> _What is required_
Go to the line with "1977 Ford Fairmont GXL – Blue" in the records below, then output it and each following line exactly, up to and including the line with "Panasonic SC-AK330 important". Skip pictures and add nothing.

> _Data for analysis_
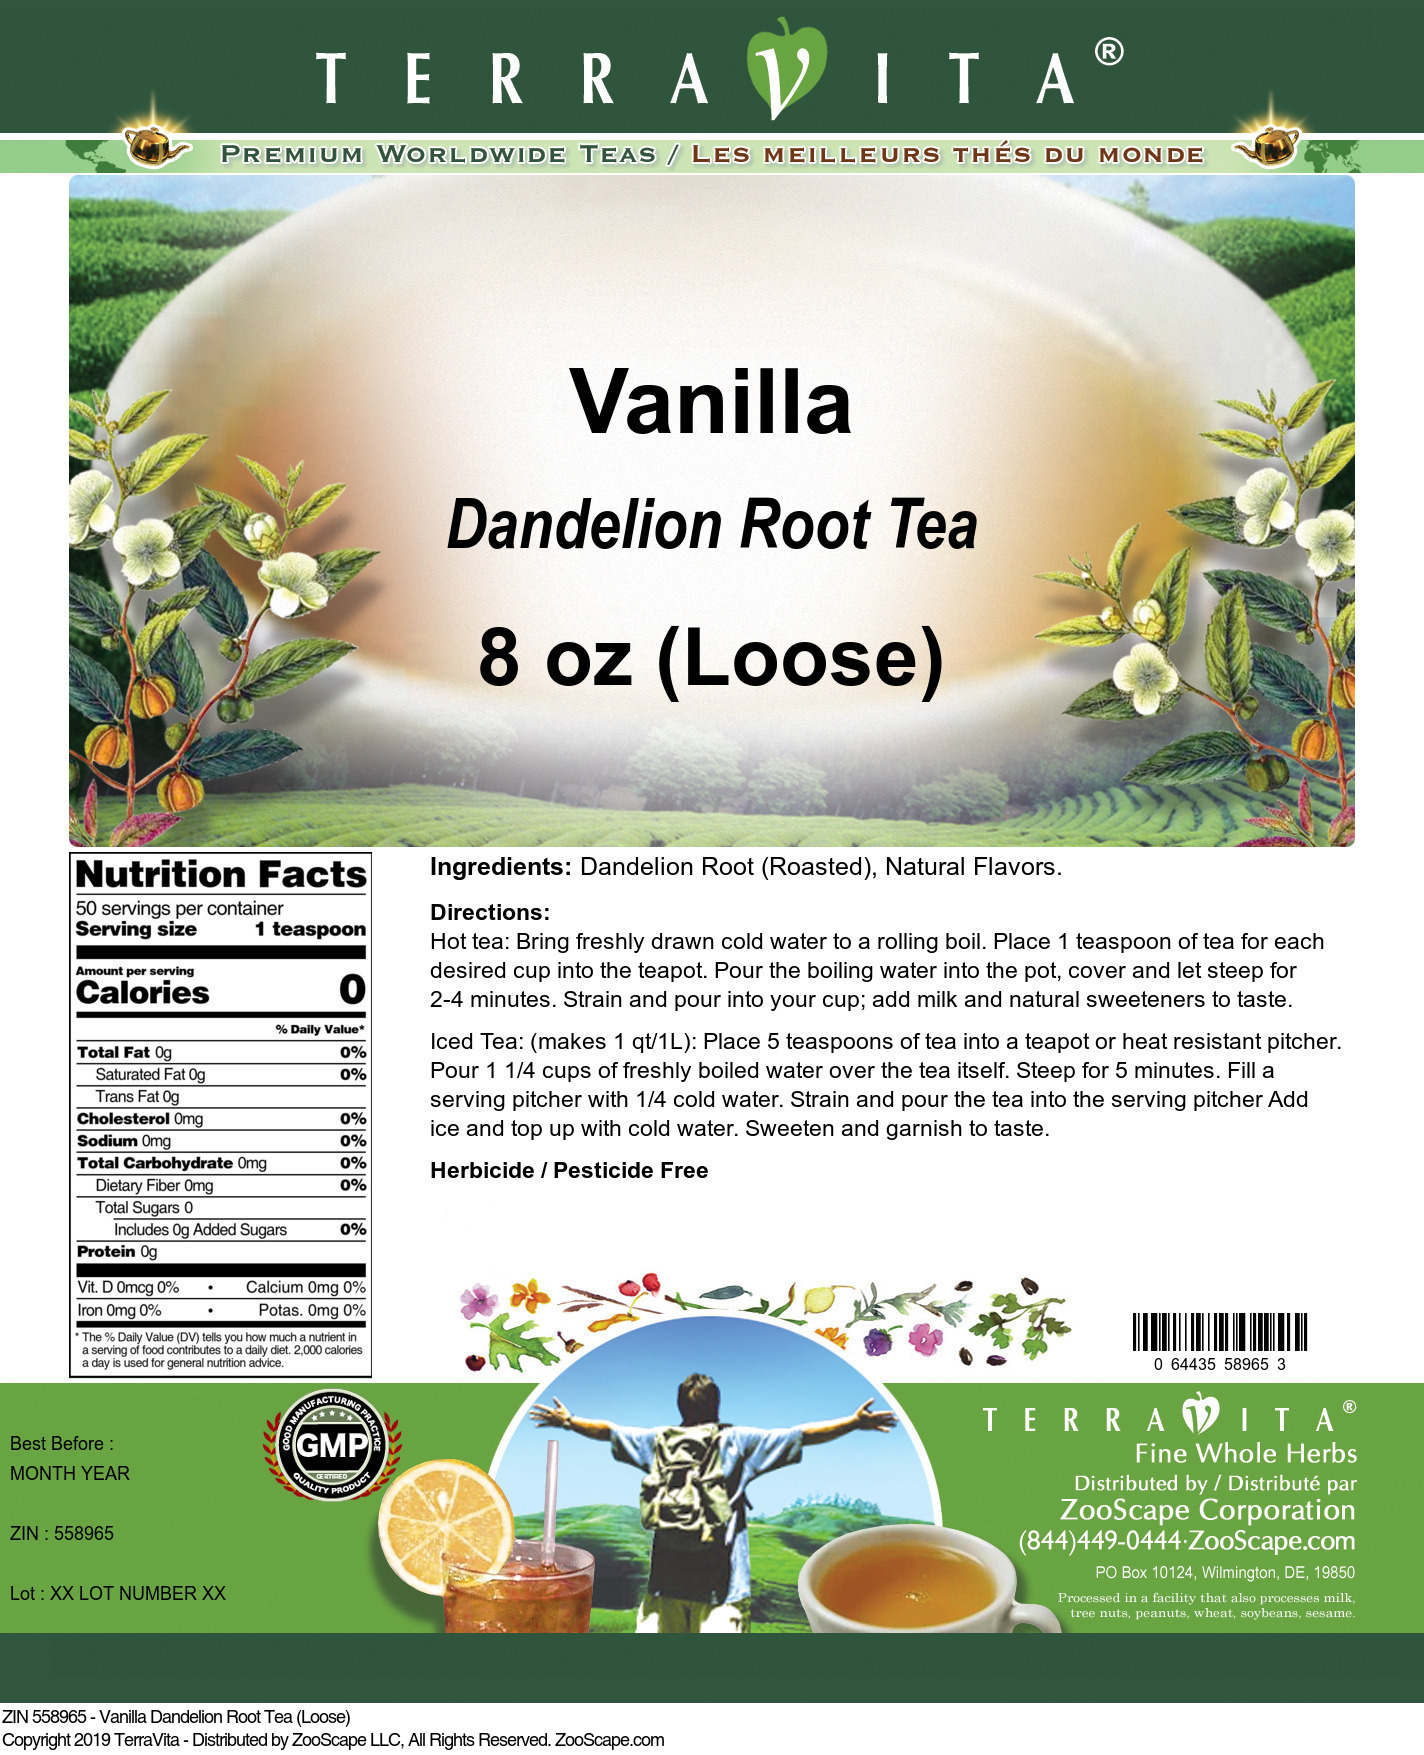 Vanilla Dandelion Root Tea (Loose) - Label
==
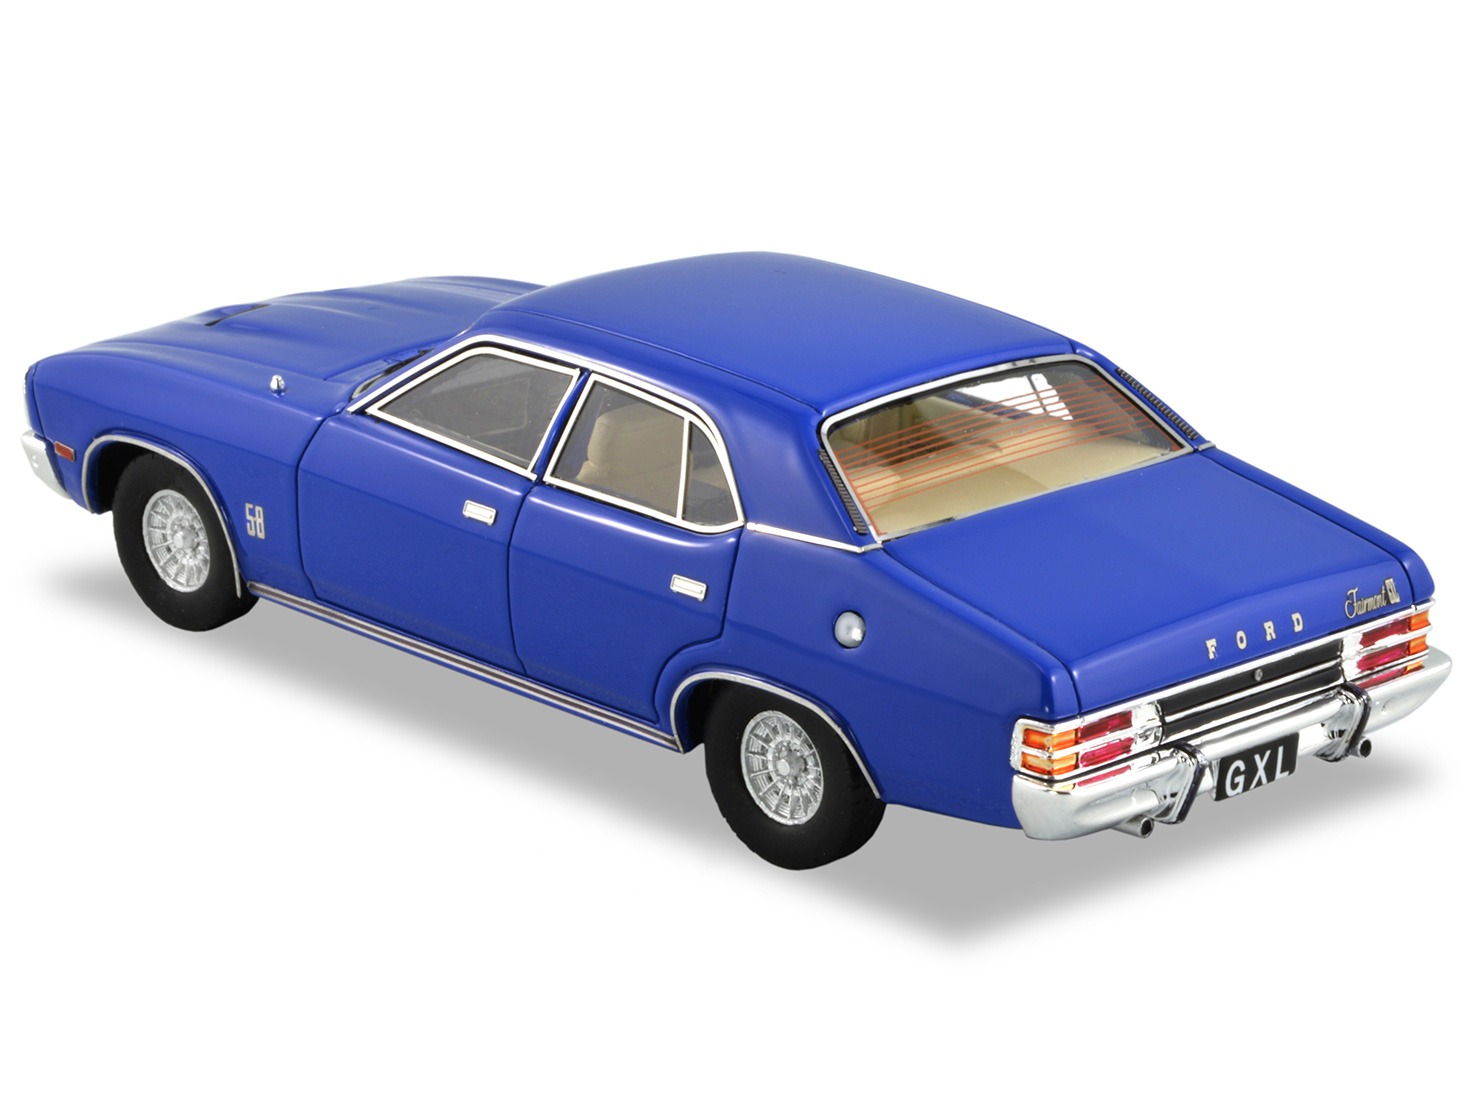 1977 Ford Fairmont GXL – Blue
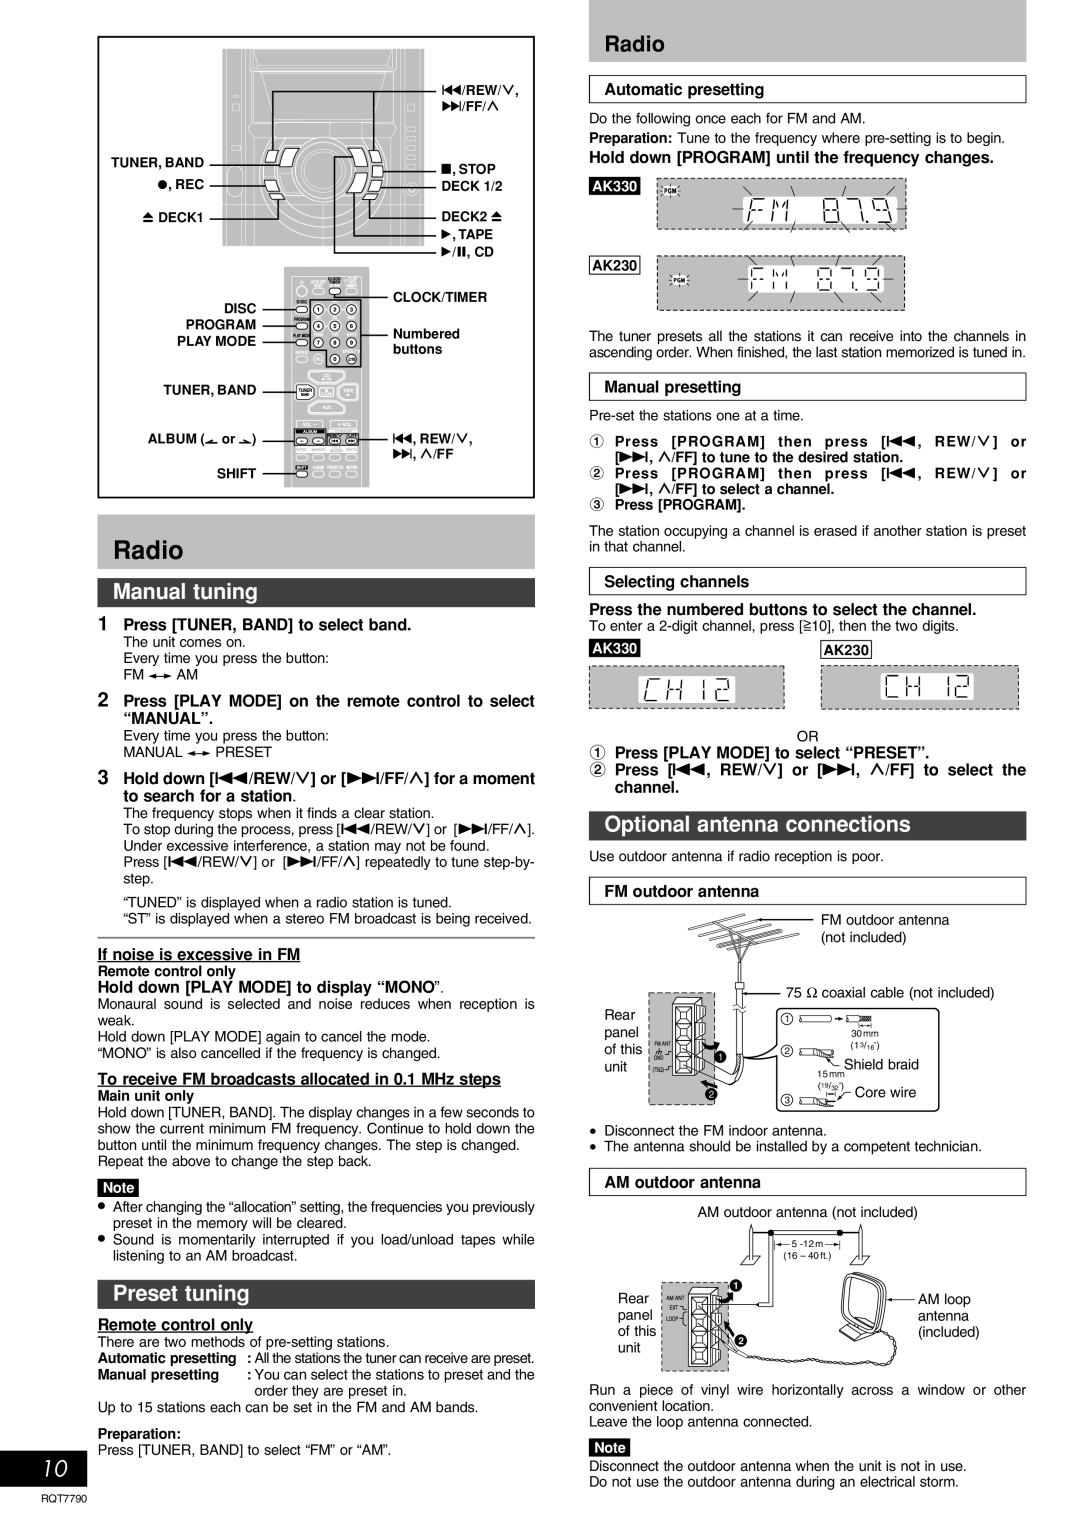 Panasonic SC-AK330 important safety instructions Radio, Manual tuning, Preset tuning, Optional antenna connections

> _Solution to this problem_
 1977 Ford Fairmont GXL – Blue
 Panasonic SC-AK330 important safety instructions Radio, Manual tuning, Preset tuning, Optional antenna connections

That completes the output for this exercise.